我心里不屑,她不知,身世于我来说只是身世,我知道了不过是了却一桩困惑,而我依旧只是一个跟着师傅学习葬棺术的人,是苏家集富苏老爷的义子,仅此而已。
我是苏痕,姓苏名痕。
“你不怕我把你是倭人是事实说出来?”
她的手很不安分,在我眉宇间轻轻的抚摸,她仰起头,靠近我的耳边:“你不会的,因为就算你没有野心,至少你也有爱心。现在土家族南客一系,可是掌握在我的手上,而且你那漂亮的妹妹,还等着我去救了。”
我本想把她推开,但听了她这句话,心里立刻凉了一截。
“殿下,您有足够的时间考虑,小到为南客一系,为土家一族,大到为了整个国家,您可要明断啊!”

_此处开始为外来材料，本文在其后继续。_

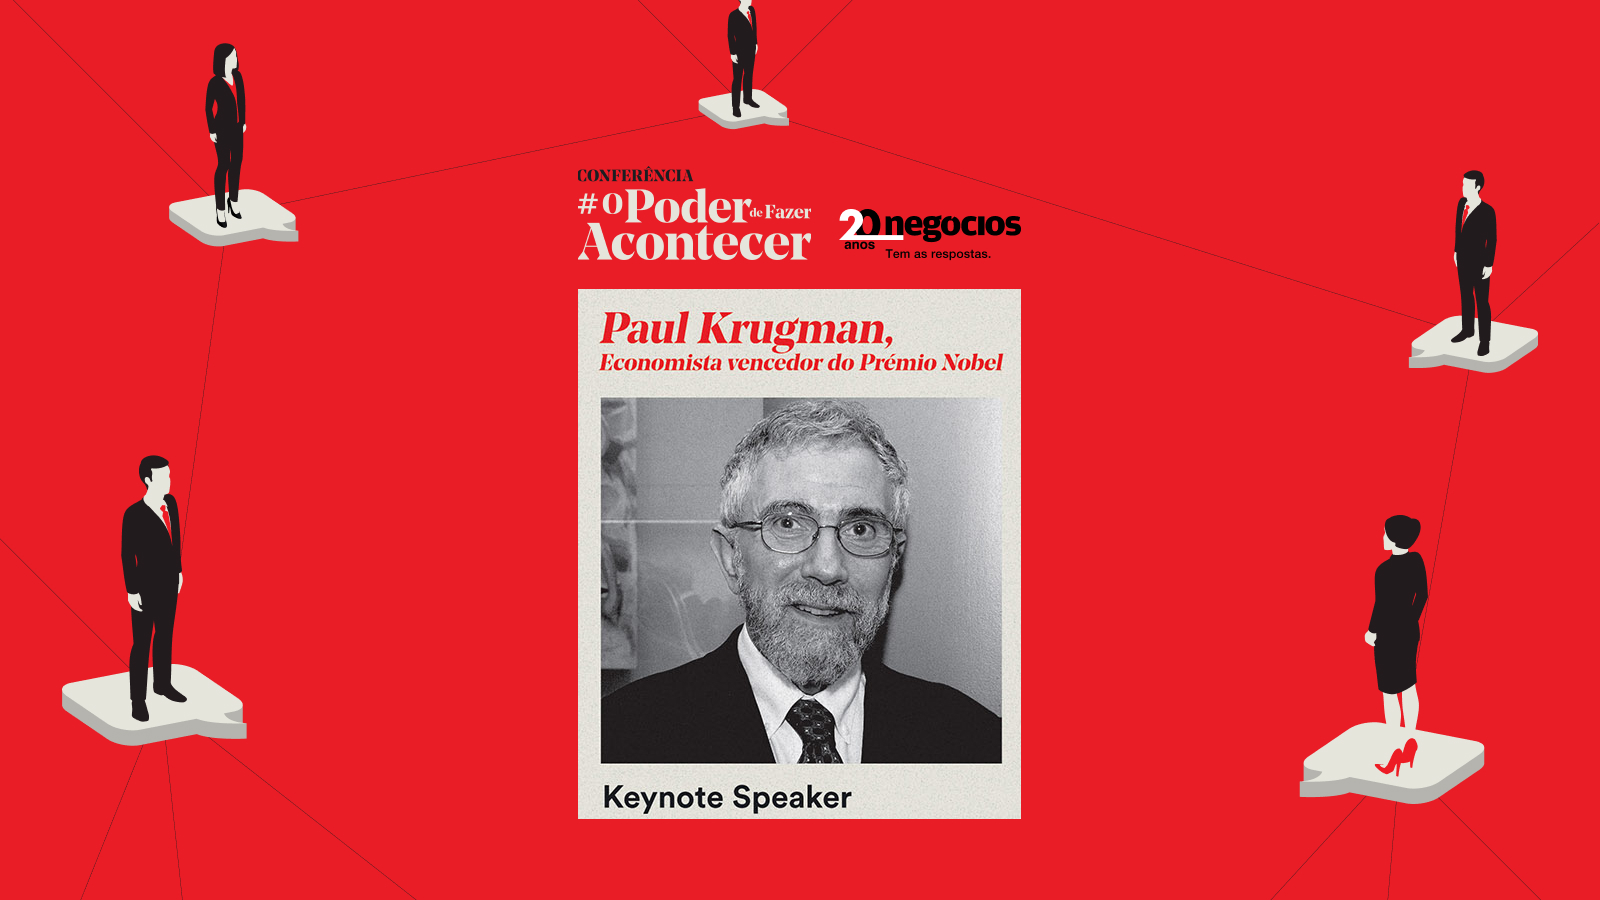 paul-krugman-hoje-em-conferencia-nos-20-anos-de-negocios
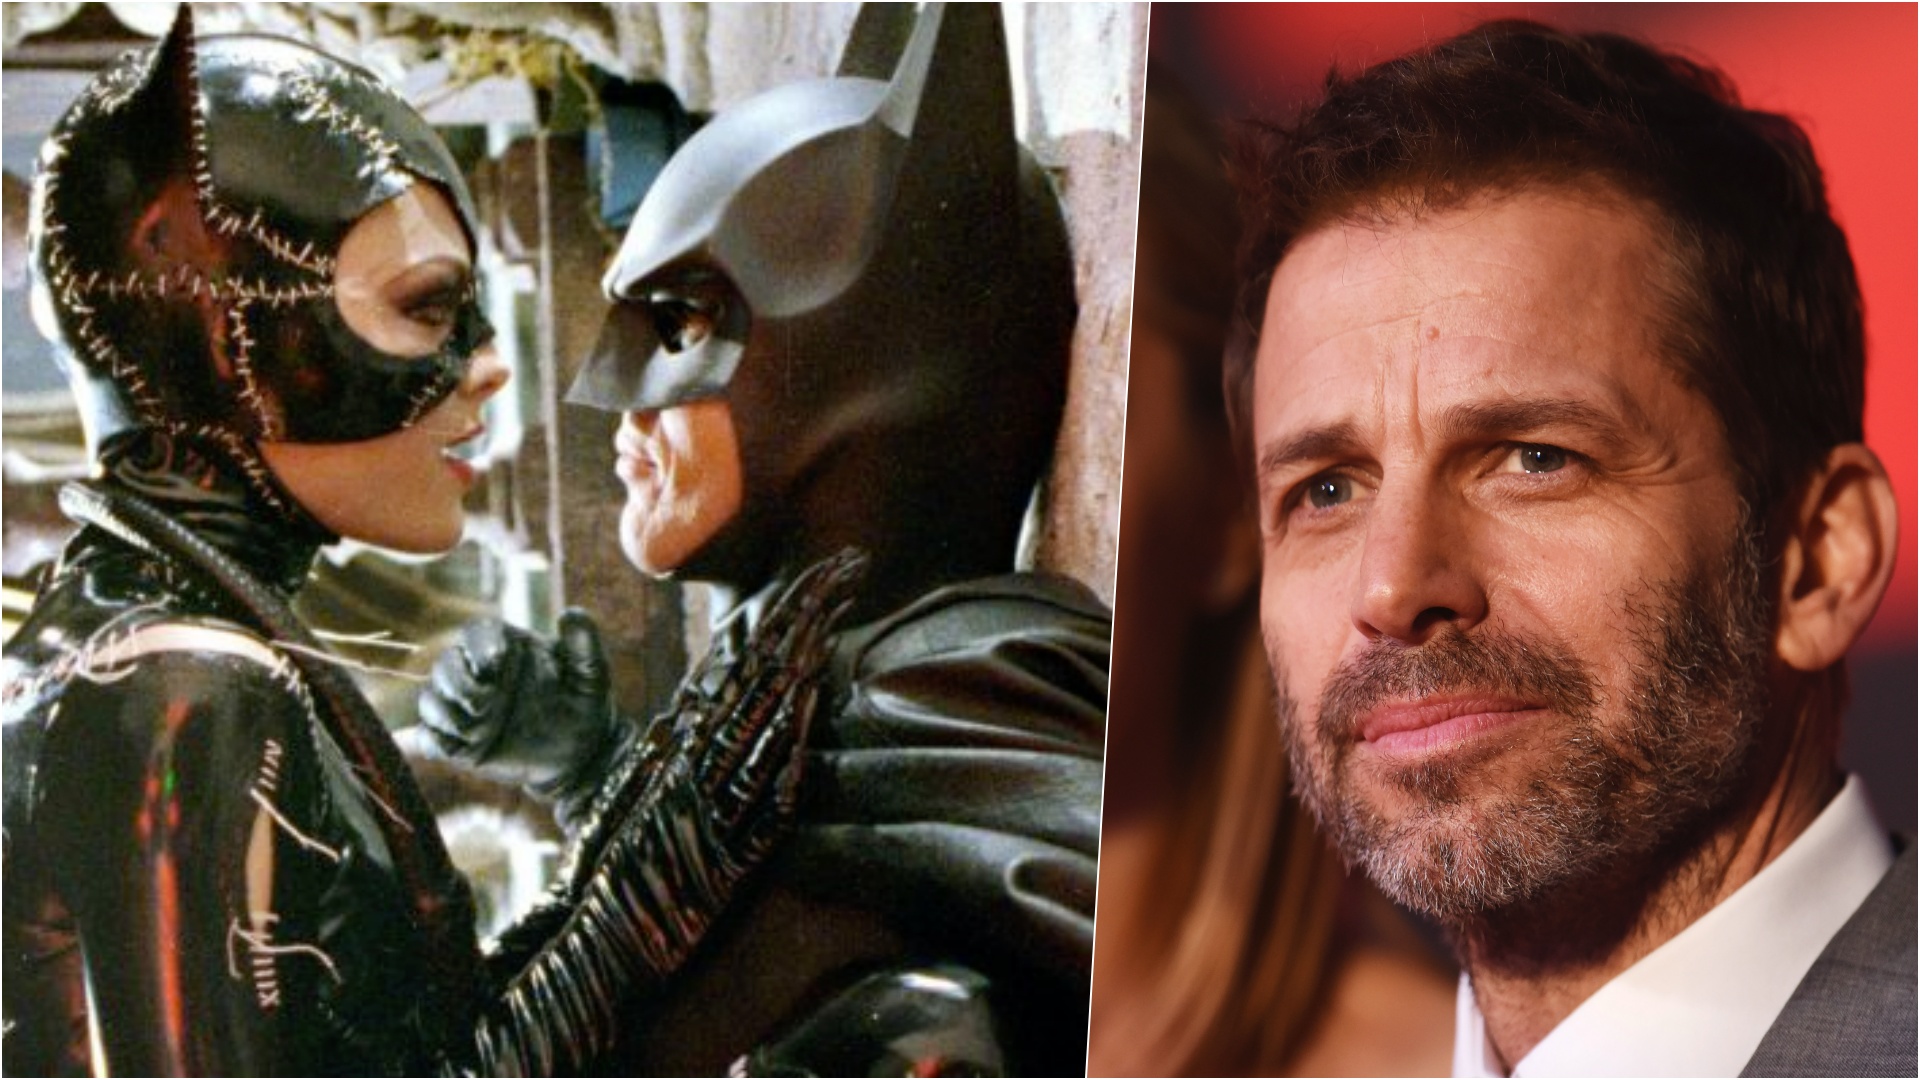 Batman E La Scena Di Sesso Orale Con Catwoman La Dc Interviene Contro Zack Snyder

我转头,内心极度压抑,几乎快要忍受不住,不过我却明确的知道,我要忍!
她妩媚的一笑,又抱上了我的手臂:“还没告诉殿下妾身的名字了,我叫樱光丸子,您随时可以吃进嘴里的丸子哦。”
我深呼吸一口,回身看着她,义正言辞道:“韩夫人!不知道你的手下准备好了没,我的妹妹可是已经被那伙军人抓去了。”
她终于松开了手:“你那妹妹折花葬鱼,人见人怜,苏少爷放心,她不会有事的,我这就去换衣,然后我们一起去救妹妹。”
我静静的看着她低身牵起落在地上的白衣,而后瑶瑶离开,那摇摆的背影,一步一履间,如同寒针一般扎在我的心上。
我出来时,潺潺流水和着鸟声清鸣,几缕阳光透过枝叶撒在地上,那不远处的广场上,已然聚集了不下二百之数的人。
让我暗自震惊的是,这二百人,半数以上皆有枪。
我深呼吸一口气,尽量让自己神色从容些,不要有丝毫的异样表露,一切等把苏幕妹妹救出来再说。
韩夫人去了浓妆粉黛后,换了一身男儿装的布衣,看上去倒也干练,腰间别着一把手枪,长捆扎在脑后,头上还戴了一顶盖帽。
于凌鸢看着她,委实有些惊讶的合不拢嘴。然而我心中所想,却是从来到离开,不曾见过韩土司半面,她一句话,就可以这么快召集这么多的人手,如果她真有所谋的话……
然而,她是个倭人,她来到这里,又怎么可能没有图谋?
“囚大囚二,命令队伍出!”她一语果断,身姿飒飒,又岂会是个普通的倭人?
并不是所有人都有马,骑马的几十人在前狂奔,余下的人便是用腿跟着跑。
此时,已然是半夜,虽说月明不能尽照山中路,但那路对于带路的人来说,却是熟悉的很。
马跑上两个时辰,便要缓下来稍作休息,这样那些用腿的人也算得以喘息。
于凌鸢马下快了几步,赶上我后,她说:“我们这些人回去,依然是敌众我寡的局面,依旧没有胜算啊!”
我此时,正思考着这个问题。
韩夫人回身看了看,脸上却是一笑,道:“你们不用担心,敌人人多,本来我们也不能力敌只能智取,说到智取,我们这些人却是够了。”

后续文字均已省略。